2019 was not a good year for me, being marked by the deaths of a coworker and friend and a workplace contractor and friend. Yesterday, it got even worse- my boss emailed us to tell us that a former subordinate of mine, who left the organization because a promotion on his other job rendered him unavailable, had died in November. His sister contacted our HR department to inform them, but didn’t offer any details, besides the fact that it was unexpected.

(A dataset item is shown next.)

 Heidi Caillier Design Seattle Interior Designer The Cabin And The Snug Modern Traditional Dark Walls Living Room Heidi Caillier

Ron Elliott was, to put it in TV Tropes terms, the quintessential ’deadpan snarked’... he was normally laconic, with a bit of a curmudgeonly streak, but if he liked you, his bone dry sense of humor would become apparent. One of his favorite sports was jocularly busting my chops, maintaining an almost impenetrable serious demeanor. Very rarely would he break character with a chuckle and murmur, “I’m just busting’ ‘em.” He wasn’t the kind of guy who liked novelty, unlike myself he had no patience for puzzling out solutions to whacky situations, but he was rock-steady when he knew what to expect, even if it was arduous. On several occasions, he worked overnight shifts during hurricanes or blizzards. Throw him a curveball and he’d get vexed, but confront him with a marathon, and he was a lion.

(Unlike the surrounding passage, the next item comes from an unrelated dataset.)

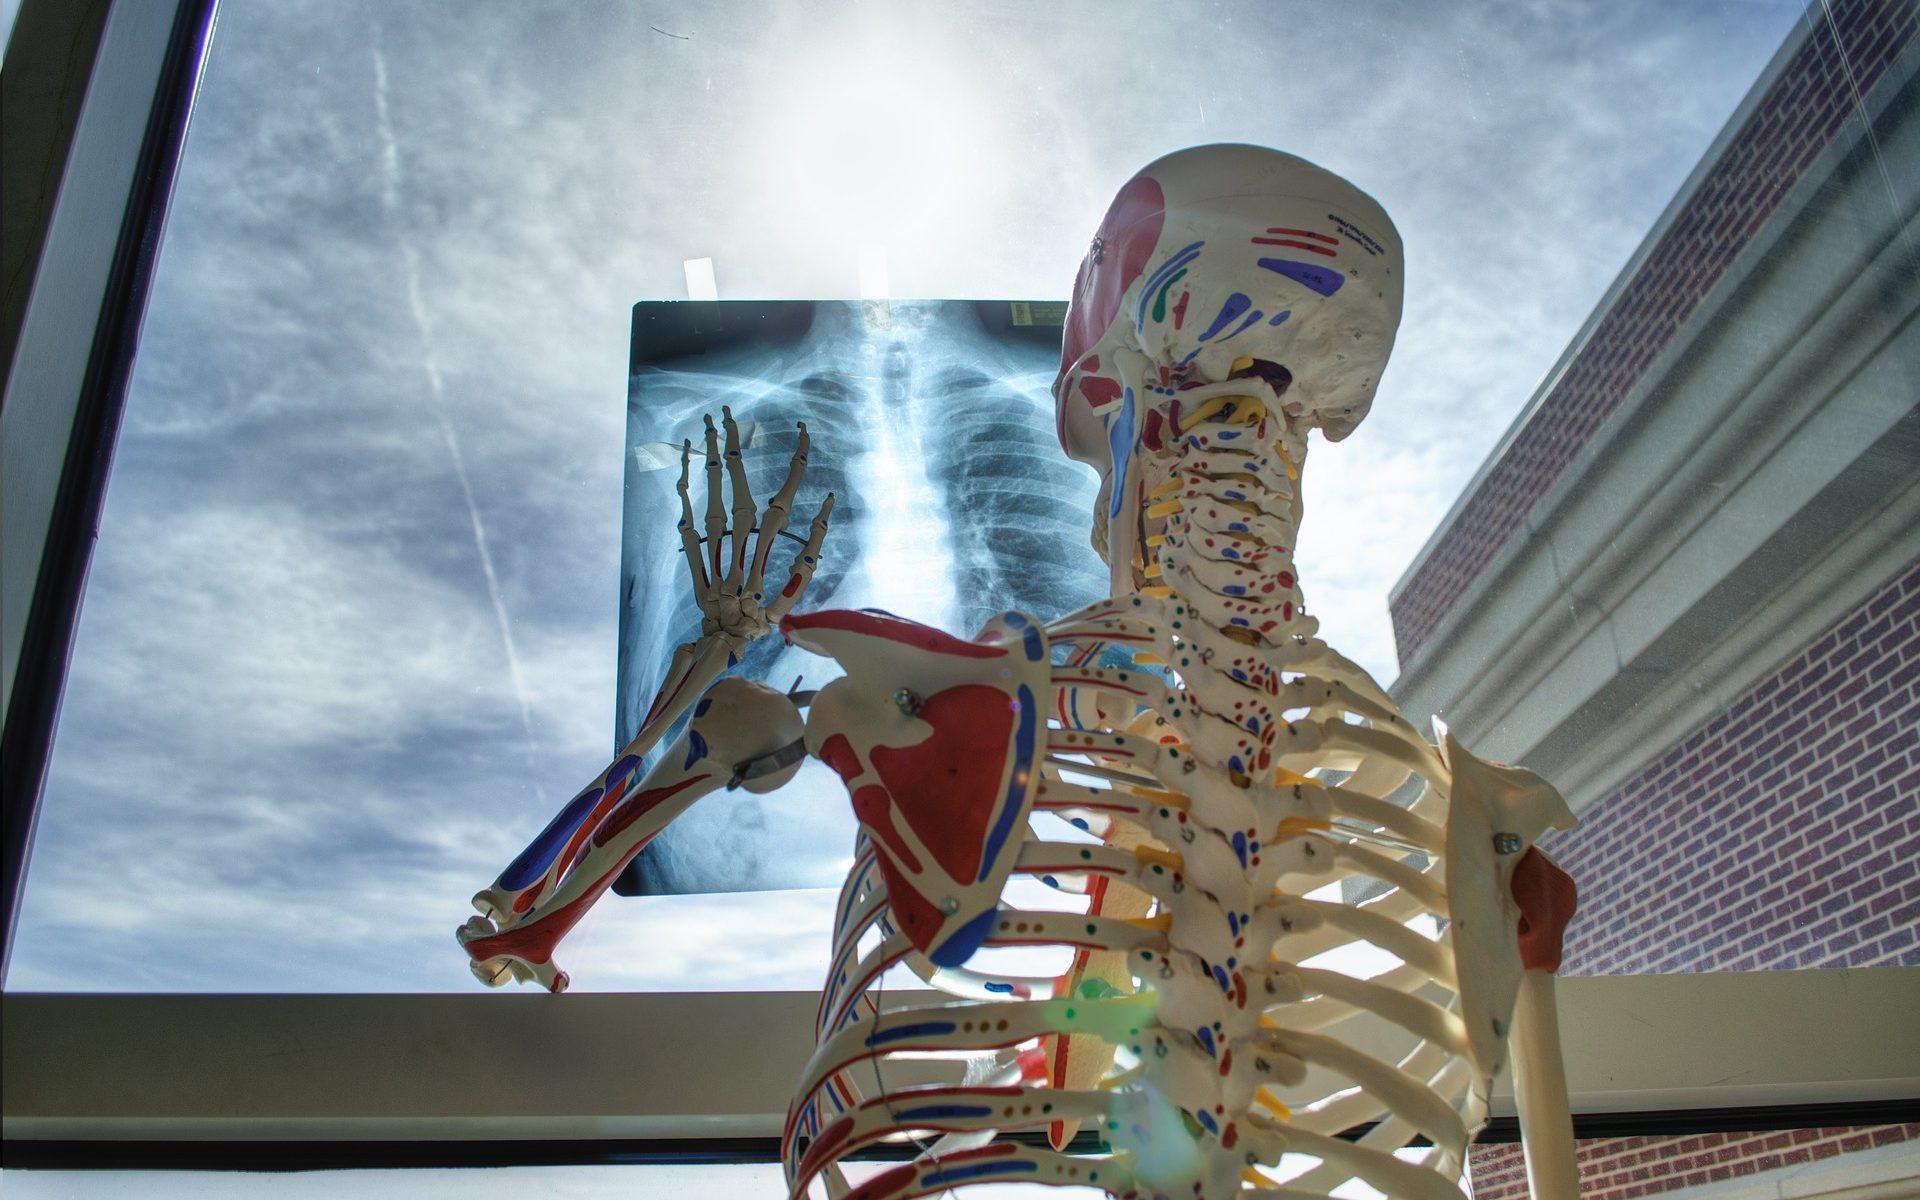 https://pixabay.com/de/skelett-medizinische-technologie-2561573/

For a guy who wasn’t keen on novelty, Ron had the inconvenient trait of being a magnet for weirdness. If something off the wall was going to happen, it would happen on his watch. For example, one night, at shift change, he told me that two young bros in muscle cars were gunning their engines in the parking lot, and I thought he was pulling my leg yet again... then I checked out the pavement of the street outside the parking lot, and there were two sets of tire tracks where they had peeled out. It wasn’t always easy to divine truth from ribbing, but even the crazy stories usually turned out to have a kernel of fact. I’m still skeptical about the time he told me he’d seen Bigfoot on the grounds...

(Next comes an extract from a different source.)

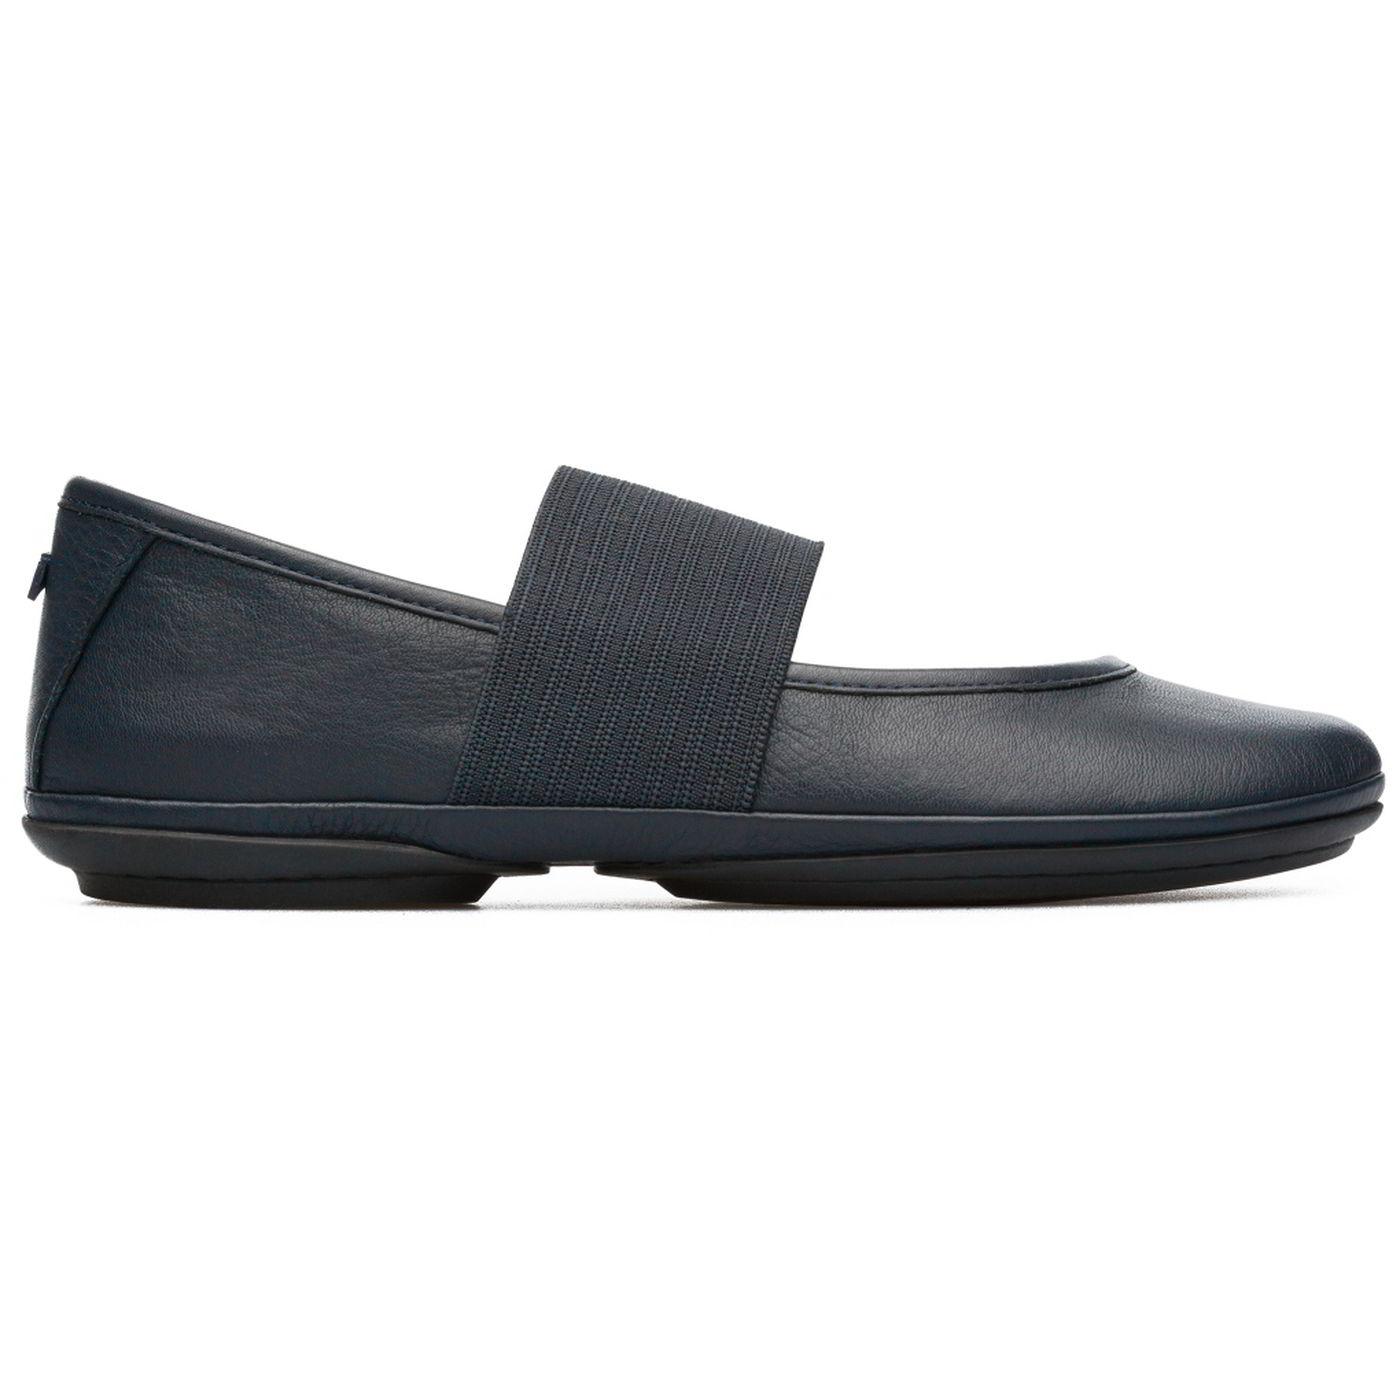 Camper Womens Right Nina 21595 Ballet Pumps Shoes - Dark Blue

When he started working with me, Ron had a primary job as the manager of the local VFW hall bar. He lived in town, and both of his jobs were in town. If some drunk passed out on the sidewalk outside the site, Ron would be the guy to identify him. He all the local scuttlebutt, and would occasionally editorialize about the local scene, whereupon I would tell him to move out of the one-horse town, perhaps to Yonkers. He eventually got a more steady primary job with Metro North, which eventually led to the promotion which made him unable to work for us, it was the classic offer he couldn’t refuse. Even at Metro North, he tended to have run-ins with eccentrics.
The one thing that Ron would rhapsodize about was his youth in the suburbs of Chicago, and the adventures he had in his boyhood environs. In the back of his mind, he always had a notion that the inhabitants of his current hilly home weren’t exactly on the level... maybe that’s why he was a magnet for weirdness.
Tonight, to honor Ron, I think I will open up the parking lot and see if any wannabe drag racers drive in for a pre-race engine revving. Even though he always said he had no patience for weirdness, I don’t think he would have had things otherwise.